安田純平さんらしき男性の「韓国人です」編集カットはなぜ行われた?報道の本質すら歪めるメディアの「韓国忖度」が浮き彫りに

TBSはなぜカットした?

2015年6月にシリアへ入国した後、行方不明になっているフリージャーナリスト、安田純平さん(44)と見られる男性の動画が7月31日にネット上で公開され話題となっている。映像の中で、黒衣の男二人に自動小銃を突きつけられた男性は「私の名前はウマル。韓国人です」と名乗り、「とてもひどい環境にいます。今すぐ助けてください」と救出を訴えた。

だが、安田さんと見られる男性は、なぜ急に「韓国人」を名乗ったのだろうか。その背景には「戦場ジャーナリスト」のしたたかさと、メディア報道の歪曲した実態が見え隠れする。

「戦場ジャーナリスト」と称する安田さんが拘束を受けるのは、2003年イラク軍に拘束されて以来、今回で5回目。性懲りもなく取材を繰り返していた裏には「拘束されるたびに知名度が上がり、執筆依頼やテレビ出演も増える」(紛争地取材関係者)というマスコミの体質もあったのかもしれない。

また、安田さん本人はTwitter上で、外務省から危険地域への渡航を制止されたことを明かしているが、そんな政府に「世界でもまれにみるチキン国家」などと悪態を繰り返していたようだ。

それゆえ、今回の報道を受け、SNS上には安田さんを”自業自得”だとする声が多数上がっている。一般視聴者も、戦場ジャーナリストなる職業から「危険な現場からの報道こそ至上」とする奢りと、「政府はその報道のバックアップをするべきだ」とする横暴さを読み取ったのではないだろうか。

■「韓国人です」は放送せず!? パスポート画像から韓国名を消した不自然報道

さて、今回の新映像で注目すべきは安田さんが「韓国人です」と話している点である。

安田さんは今年5月時点の画像で「助けてください これが最後のチャンスです 安田純平」と書かれた紙を持っていたにもかかわらず、日本政府との交渉は一向に進んでいない。外務省領事局・邦人テロ対策室は「力を尽くしている」としているものの、菅義偉官房長官は「(テロリストと交渉しない)政府の対応方針が変わることはない」(3月16日記者会見)と一貫している。

それゆえ中東の消息筋には、安田さんの「韓国発言」は日本政府の対応に業を煮やした拘束グループが「要求先を変更したのではないか」との見方も多いようだ。

ところが、 TBSとテレビ朝日の放送では「韓国人です」という部分を編集してカット。この部分にこそ、報道の新規性があるにもかかわらず、それを歪めてしまう「韓国忖度」を行なってしまっているのだ。

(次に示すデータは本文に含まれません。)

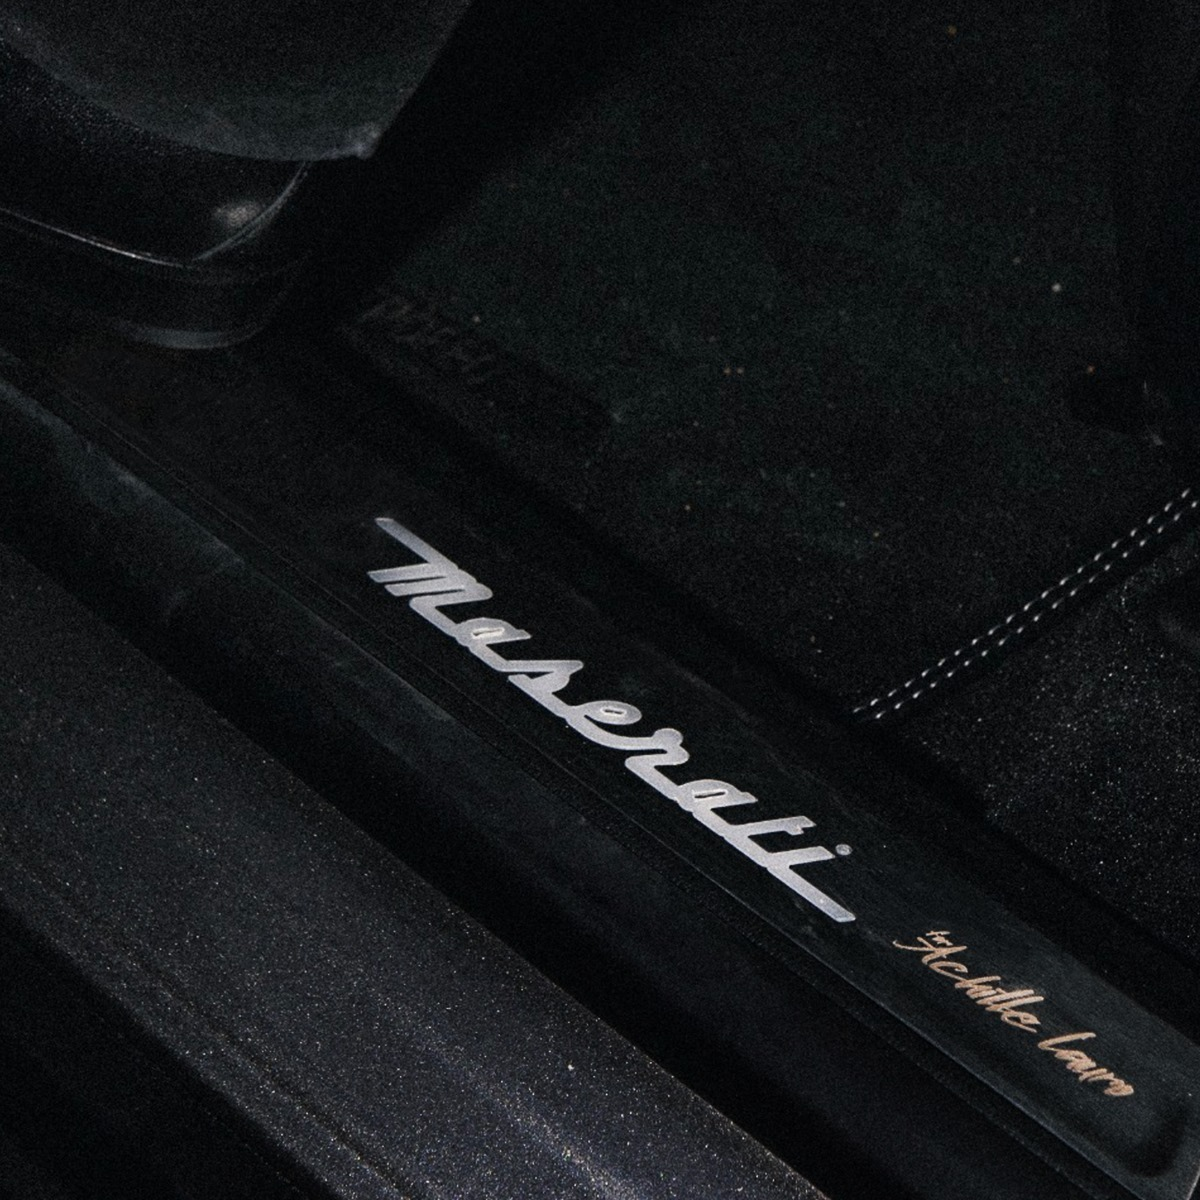 Maserati Levante Trofeo Achille Lauro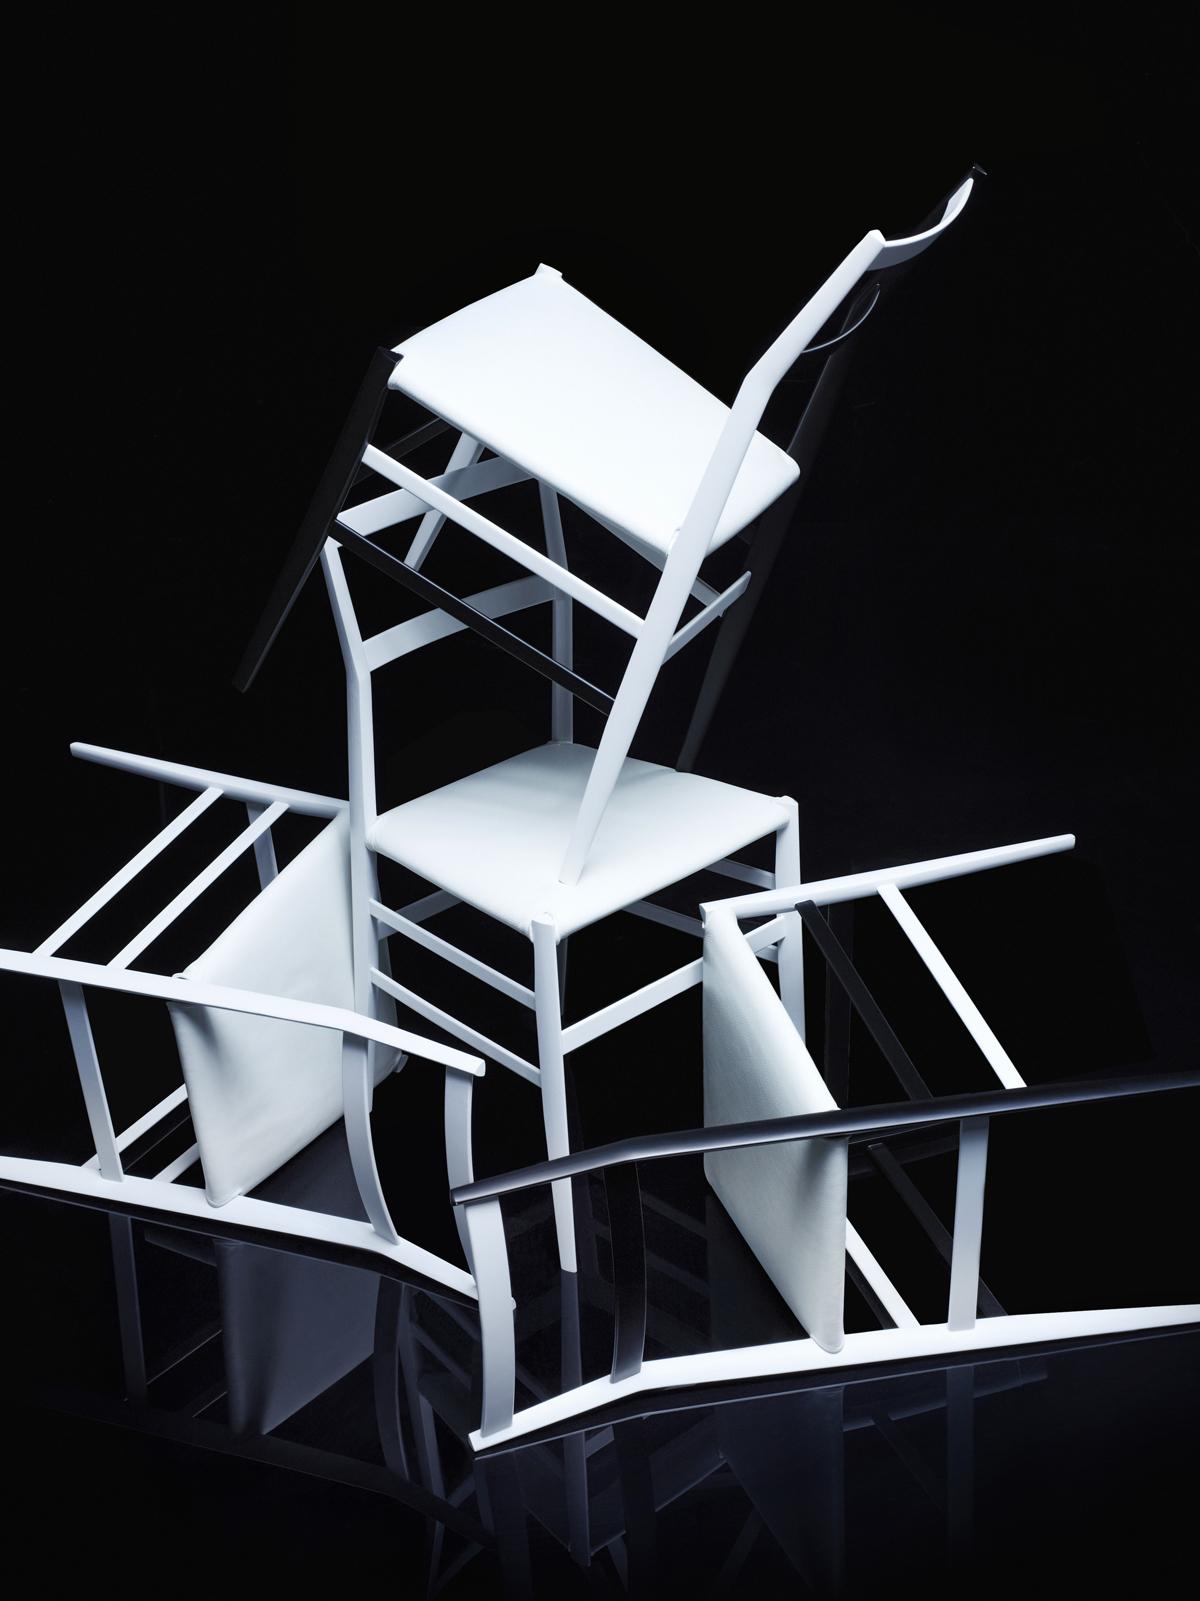 Cassina, Superleggera chairs by Gio Ponti, © Karl Lagerfeld

「韓国忖度」については、以前にもNNN(日本テレビ系列)のニュースなどで安田さんのパスポートが映された際に「純平」の部分だけ映され、苗字の箇所にモザイクが掛けられていたことからも、何らかの配慮がなされたのではないかと囁かれていた。

テレビにおける通名報道など賛否の分かれる議論ではあるが、今回の安田さんの「韓国人です」発言に関してはニュースの根幹である。ネット上でも公開されている情報をテレビ局側がわざわざ編集カットして、本質が捻じ曲げられるならば、これこそフェイクと言うべきではないのか。

安田さんが韓国人であれ、日本人であれ、いかなる志を持ったご職業であれ、いち早い救出が望まれることに関係はない。公平ならざる報道の忖度が事実を歪め、むしろ解放の妨げにならないことを祈りたい。